A notícia da iminente publicação da Instrução Normativa que legalizará, por extensão de uso, os defensivos para algumas frutas (minor crop), conforme noticiado em “Campo Vivo” na edição de 20/02/2010 seria uma boa nova se não fosse a demora na iniciativa de normatização da matéria.
O pleito dos técnicos e fruticultores capixabas, e também do Governo do Estado vem de longa data e, em 2004, o Secretário de Estado da Agricultura da época, hoje vice-governador, Ricardo Ferraço, em vista da presença de frutas importantes na composição da renda regional, como o maracujá e a goiaba, e da estratégia de implantação dos pólos de frutas, uma iniciativa decorrente do PEDEAG, encaminhou correspondência ao Ministério da Agricultura expondo o problema, reforçando a necessidade da medida e até advertindo sobre os riscos do uso indevido e sem controle de agrotóxicos na fruticultura, para o meio ambiente e a saúde dos agricultores e dos consumidores.
Pois bem, mais de seis anos depois, eis que a notícia é dada em tom de conquista, numa clara demonstração de que, agora temos soluções tecnológicas para o controle de pragas e doenças das frutas capixabas, a partir do uso controlado de agrotóxicos.
Verdadeiramente, o caso não é bem assim, porquanto cabem alguns questionamentos sobre as práticas conduzidas até aqui, e por mais um tempo, até que se difundam as novas recomendações de uso e controle dos agrotóxicos a serem recomendados pela aguardada instrução normativa: O que fizeram os produtores para controlar pragas e doenças até agora?
Certamente, alguns conviveram com o problema, mesmo amargando perdas. Outros não resistiram e recorreram ao uso de agrotóxicos, reconhecidos como de baixa toxicidade, para não perder a colheita. Uma outra parcela, mais prudente, nem ousou plantar frutas, pois os riscos eram enormes. Outro grupo plantou e já desistiu da atividade, porquanto os problemas de pragas e doenças inviabilizaram a atividade.

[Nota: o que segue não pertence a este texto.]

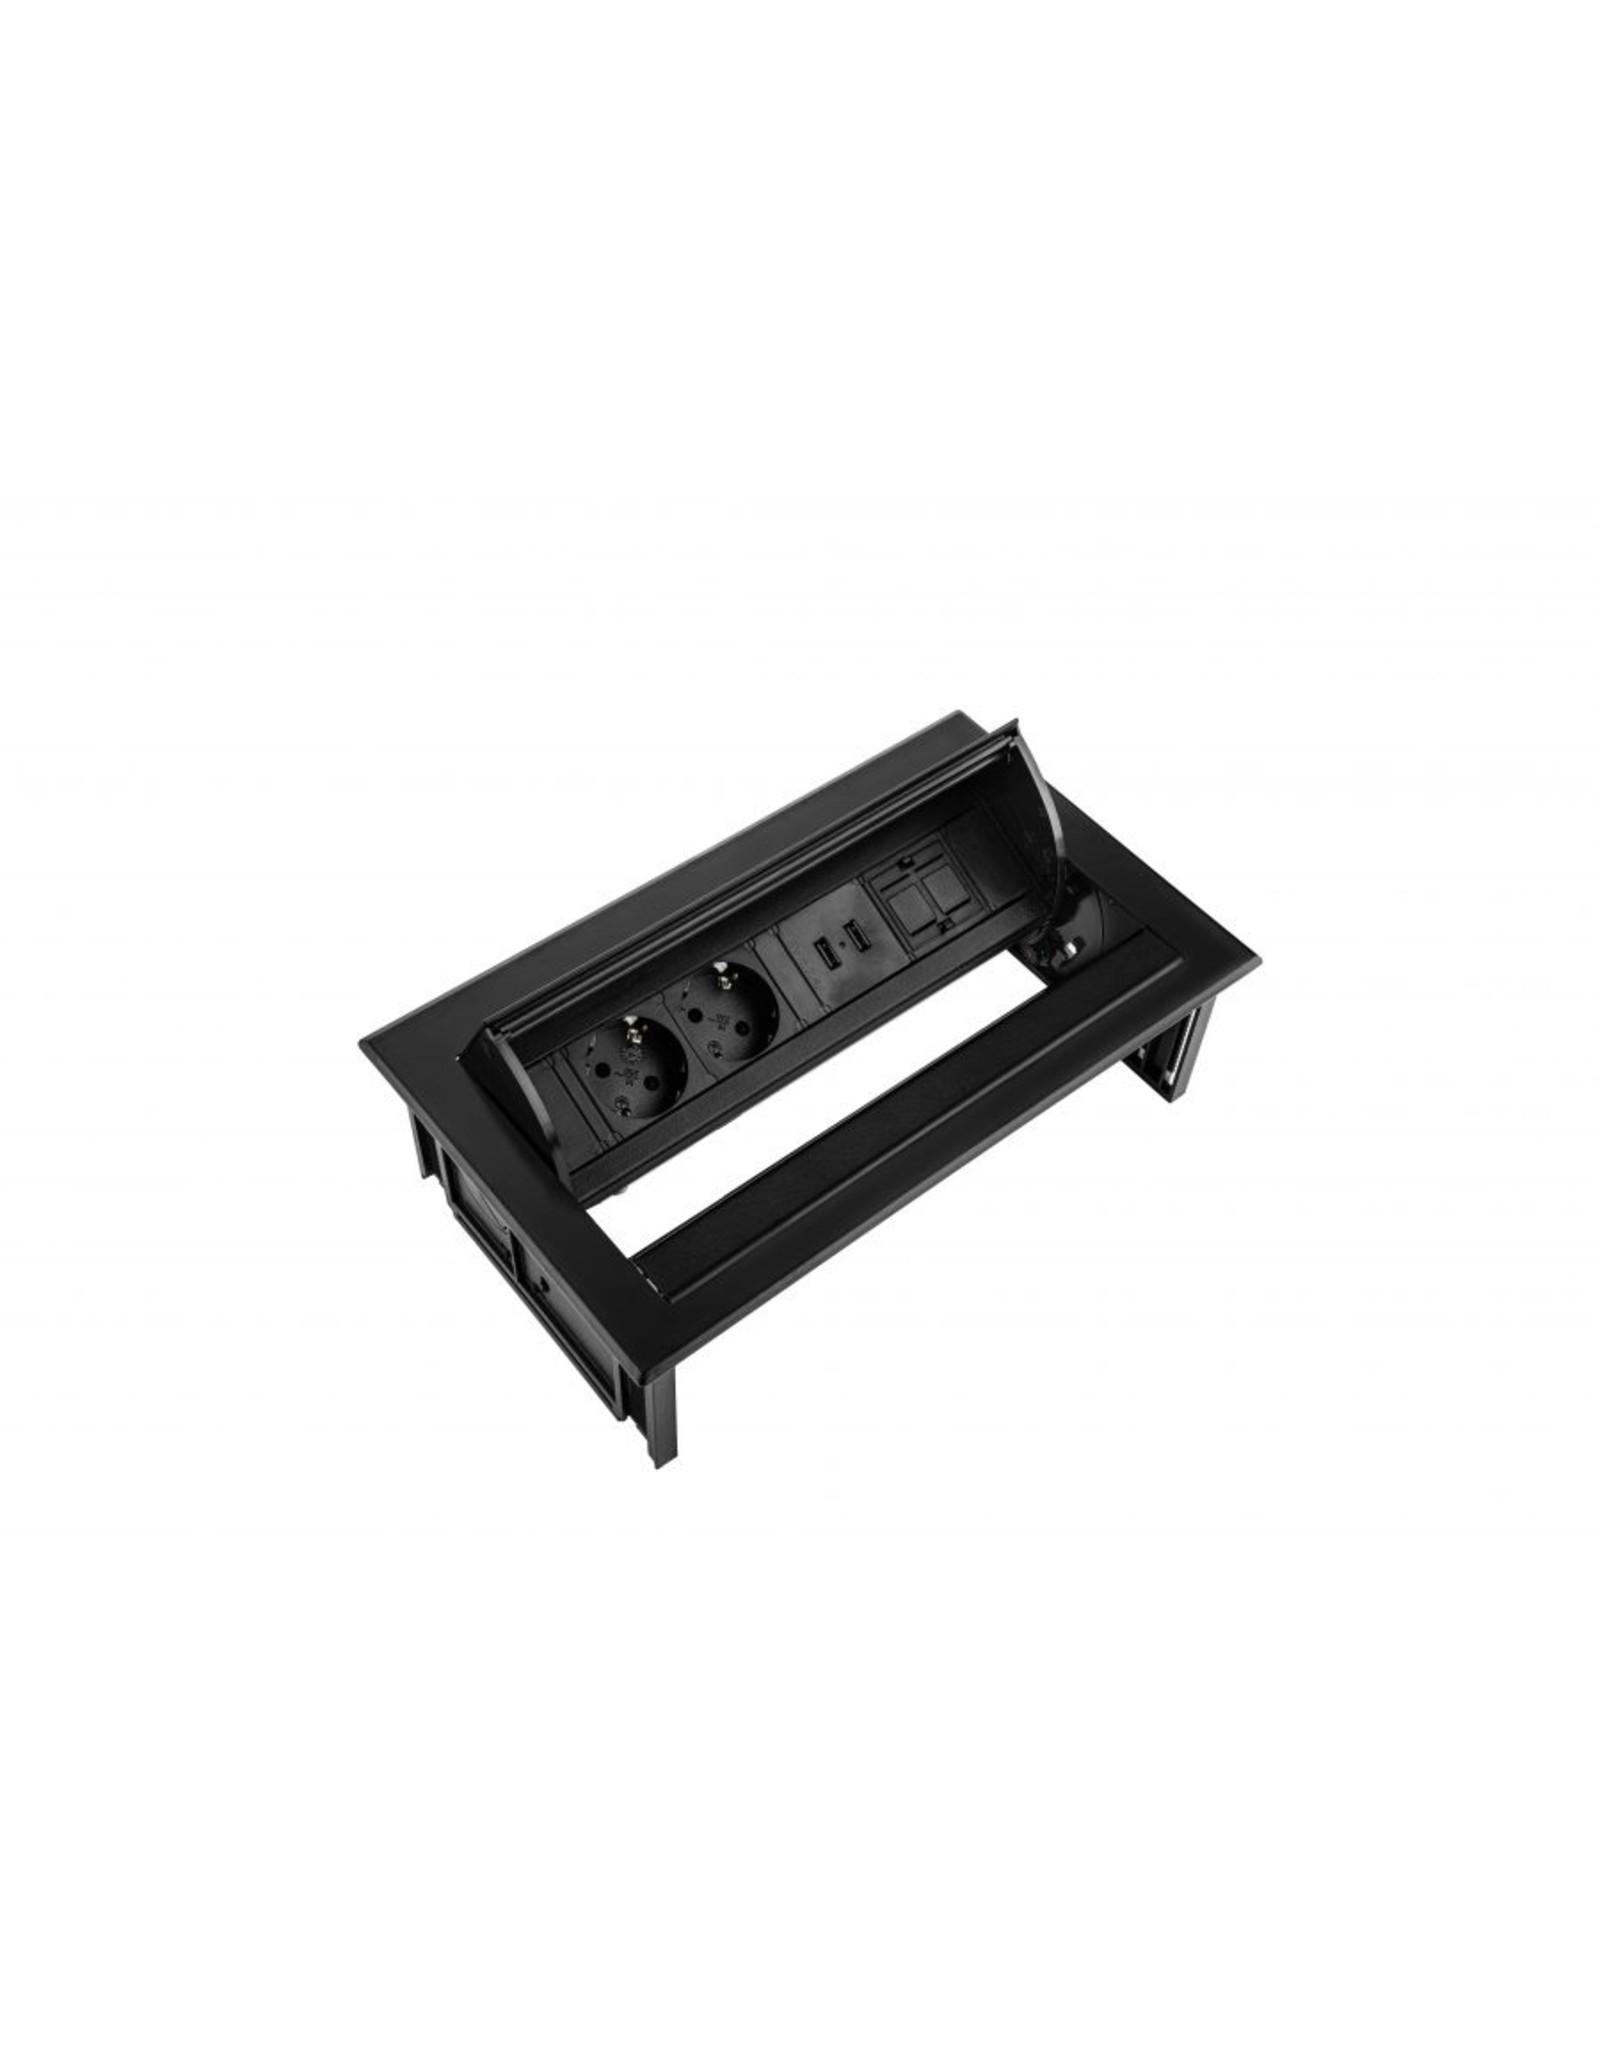 Filex Power Desk In - 2x 230V - 2x USB charger -1x Keystone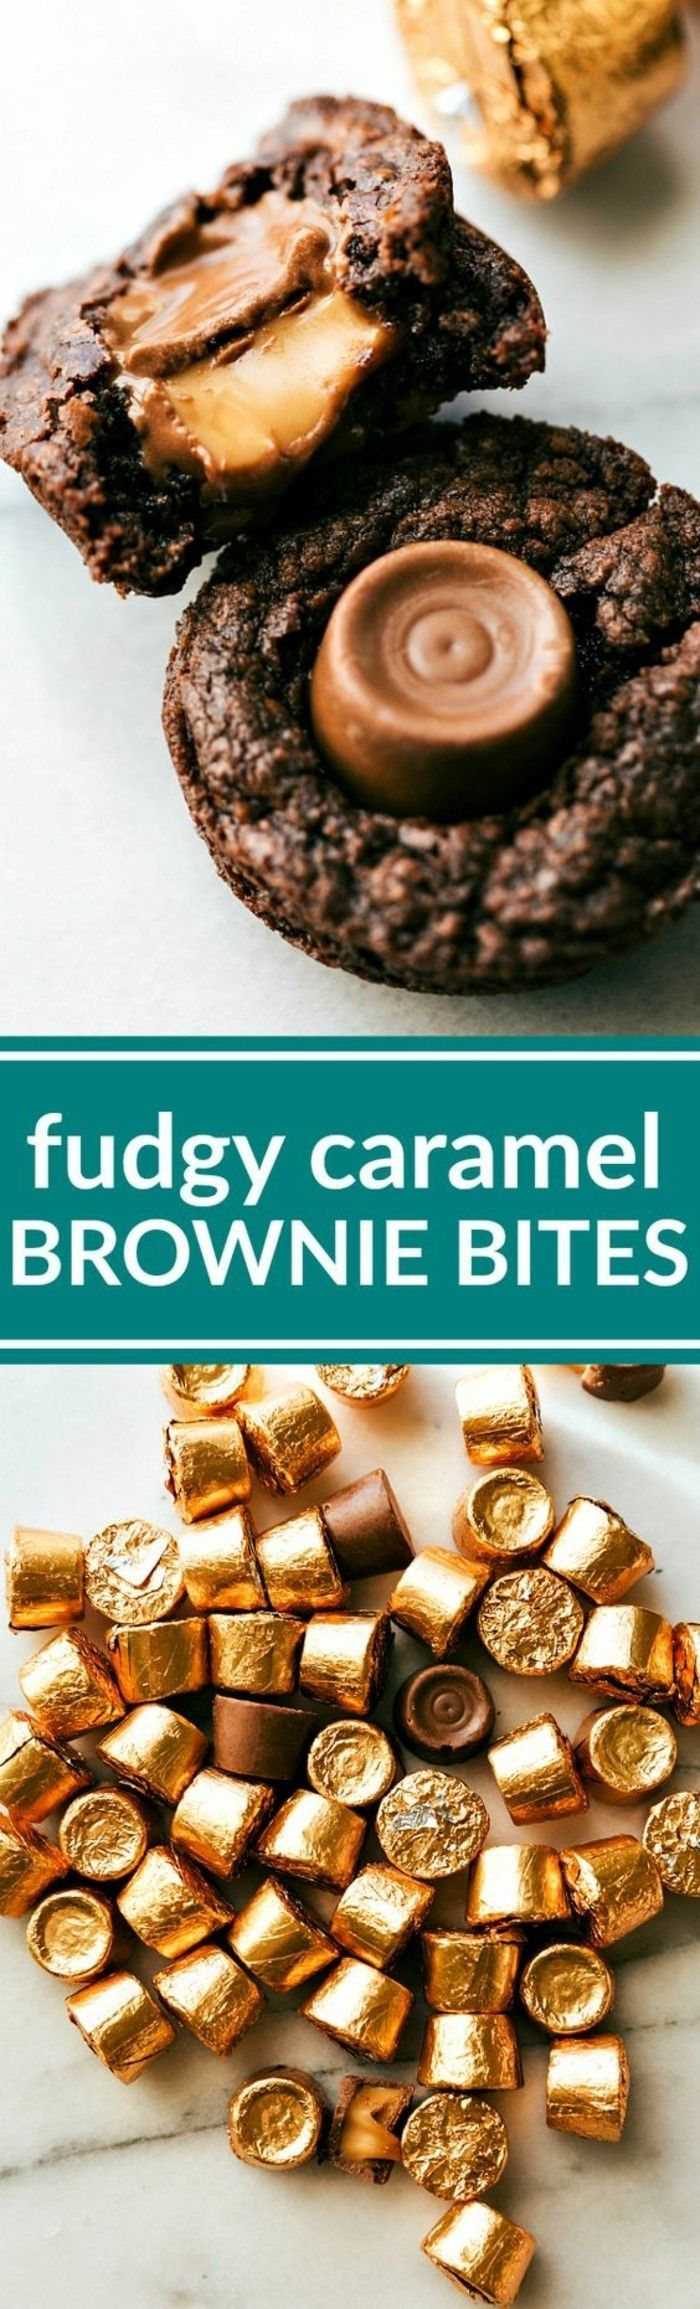 recette-caramel-facile-brownies-au-caramel-desserts-sains

Assim se estabeleceram os pólos de frutas no Espírito Santo. Isto talvez explique, em parte, os problemas que, volta e meia, os produtores de goiaba e maracujá, por exemplo, se defrontam, o que dificulta ou posterga a consolidação dos pólos de frutas capixabas. Talvez a maior vitória a comemorar, neste caso, é a possibilidade de avançar, daqui para frente, na expansão e qualidade dos produtos da fruticultura, seja in natura ou nos industrializados.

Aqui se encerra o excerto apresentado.